There was not another thread in the search, so id like to add another query to anyone on this page... Im not majorly clued up on my panel fire alarms. As i understand it the difference between 2 and 4 wire system is the 2 wire combines the smokes and the sounders. Where as you've seperate sounder circuit on your 4 wire...

But what i was trying to find out is.... the wholesaler was quoting us breakglasses 3 times the price, with the excuse the other ones would not work with a 2 wire system... As i understand a breakglass is not much more complicated than a switch. i do not understand how it makes a difference whether the system is a 2 wire or a 4wire is he just feeding me a load of ****?
 
G

Guest123

 
P

Plan

A standard 4 wire 24v mcp/call point switches a resistance of either 470 or 630 ohm (depending on make) resitance don't know what the resistance of a 2 wire system is always assumed they'd be the same. Are you sure that you've not been quoted for an addressable mcp as they are more expensive
 
E

equinox

depends on the protocol as well. some MCP's use different resistances. With regards to using a wireless system it WILL meet standards required and there is some very good kit out there to use. with regards to 2 wire systems. depending on the panel you can intergrate sounders beacons and call points onto the same loop if addressable. These get programmed onto the panel as modules and not input devices. On a conventional they are run from two different circuits.
 
C

cfsfire

mains powdered battery back aico radio linked smoke and heat detectors comply to LD2 standards if installed in the correct locations. you still need a mains supply to each detector.

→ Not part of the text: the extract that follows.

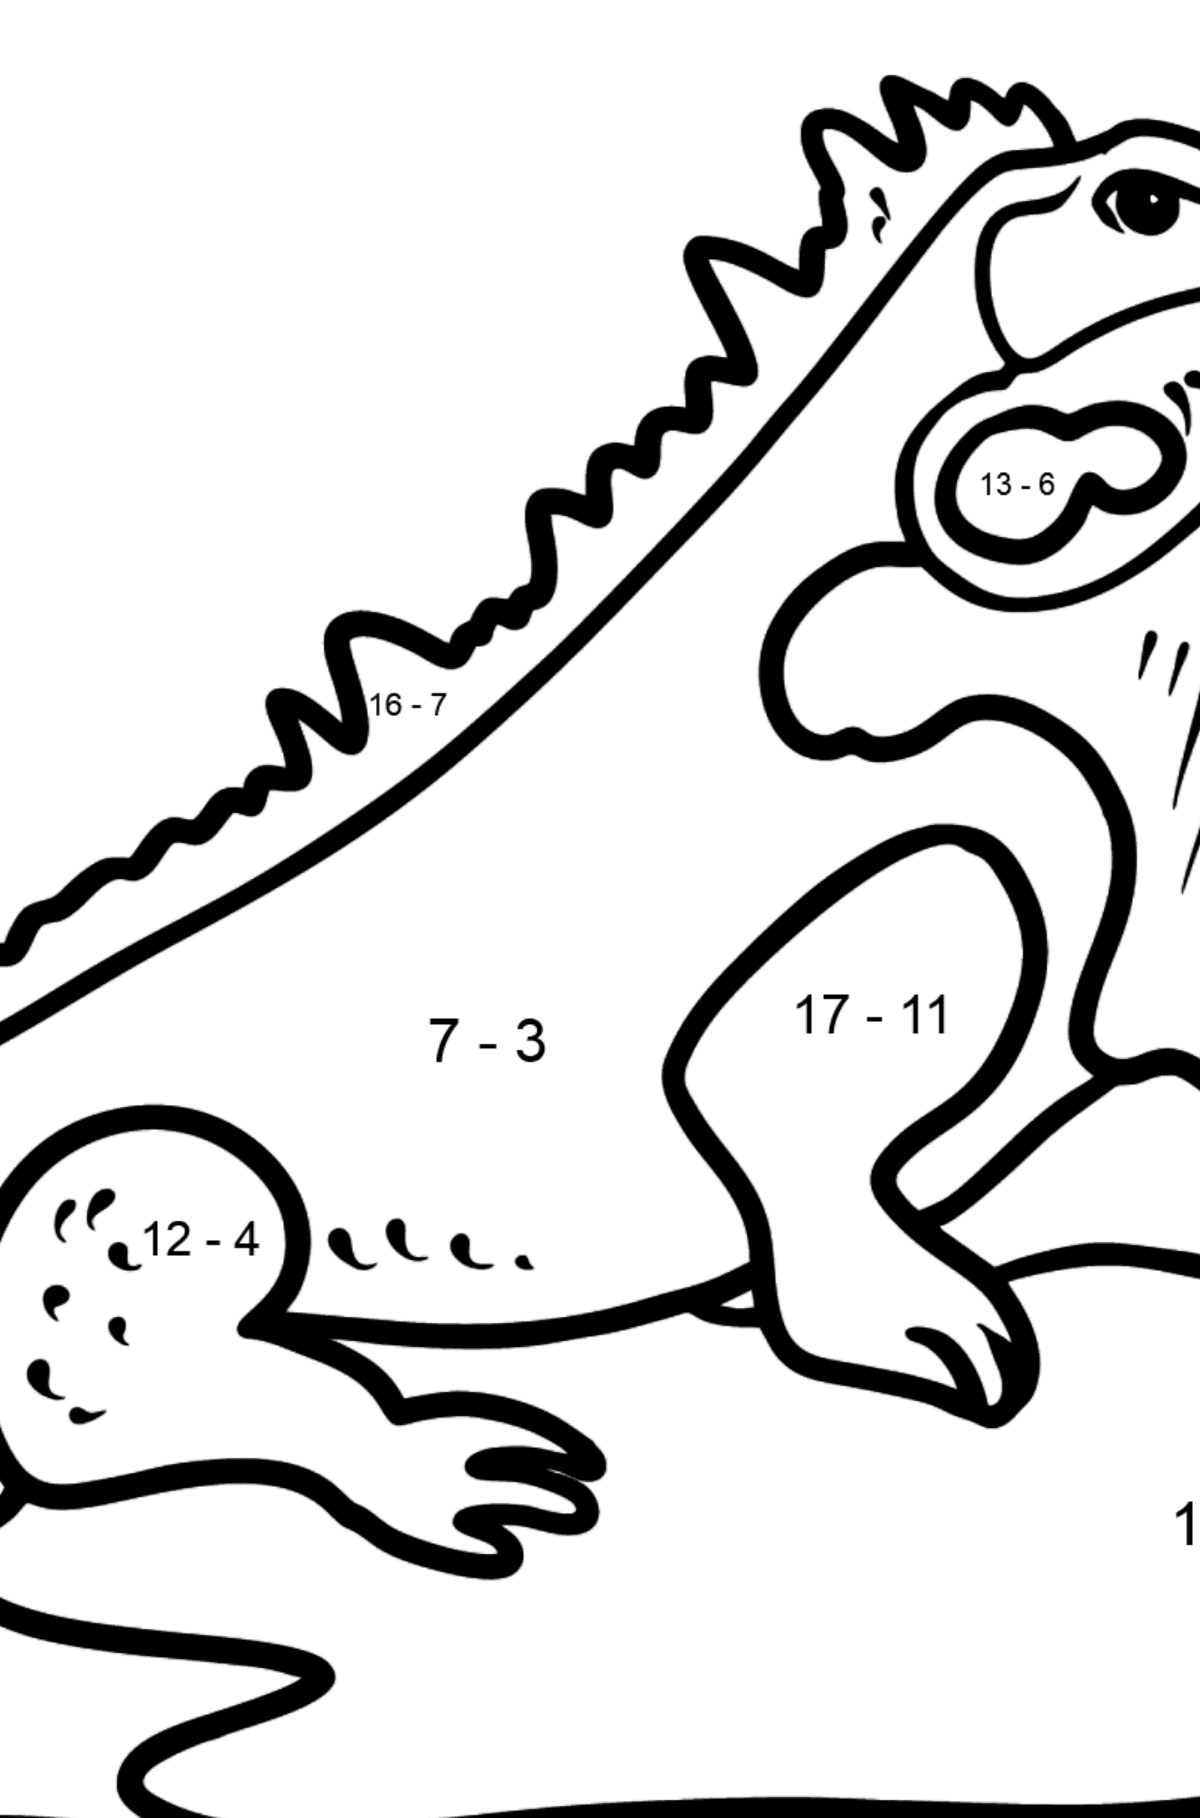 Portuguese Letter I coloring pages - IGUANA - Math Coloring - Subtraction for Kids

Otherwise a EMS or EDA fire alarm system which complies to L2 standard which is fine because its over specified from LD2.

The devices are fully wireless but massivly expensive.

Hop this helps,

Adam
 
  • Thread Starter Thread Starter
  • #7
adam
would the aico detectors need a dedicated supply or could they be fed off nearby light fitting
 
C

cfsfire

They can be powered locally but not from an RCD protected circuit.

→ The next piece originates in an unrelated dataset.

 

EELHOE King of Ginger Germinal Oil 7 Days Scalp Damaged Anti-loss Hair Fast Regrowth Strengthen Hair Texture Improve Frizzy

Not really for radio linked but reg state..

Cables used for interconnecting smoke and heat alarms
should be readily distinguishable from those supplying
power, (for example by red colour coding). Such cables need
not be fire resistant.


Good installation pratice though even if you use 30cm of cable to power locally its best to use red.

Let me know if you need any more info.

How many storys does the building have ? And how many rooms excluding bathrooms \ toilets?

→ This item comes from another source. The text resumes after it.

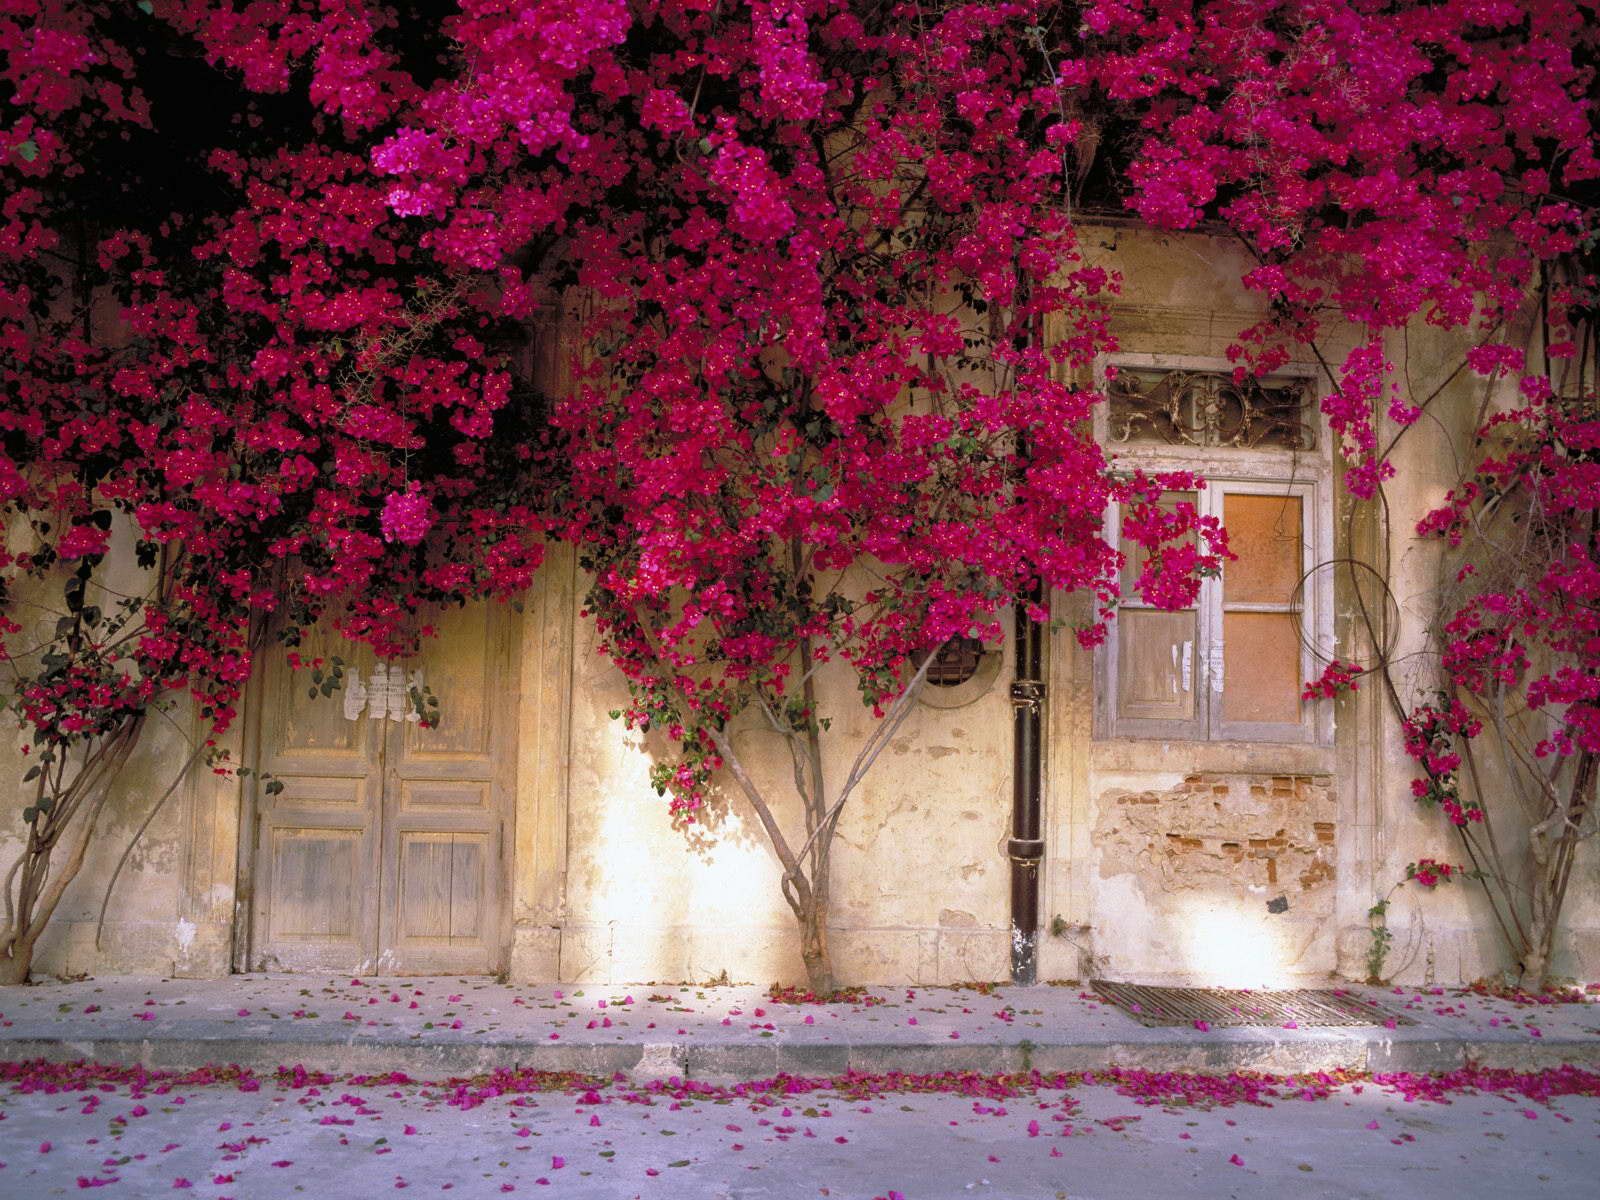 hot-pink-flower-trees-in-front-of-an-old-house-1600x1200-wide-wallpapers-net

Forgot to say regs say you can power from either socket circuits or lighting circuits. No RCD circuits though.
 
Last edited by a moderator:
  • Thread Starter Thread Starter
  • #9
thanks mate
problem is its a tt instalation so on an earth stake therefor all circuits are rcd protected

off the top of my head 3 story building with 5 guest beds all en suite
dining rm huge lounge kitchen study owners living area inc 2 beds lounge and meet room also boiler cupd
 
C

cfsfire

TT system fun, you now have conflicting regs 17th says one thing BS5839 says another :) On the install cert make sure you not that due to it being a TT supply all detection devices have to be rcd protected then you covered.

Maxium radio linked devices is 30 i think.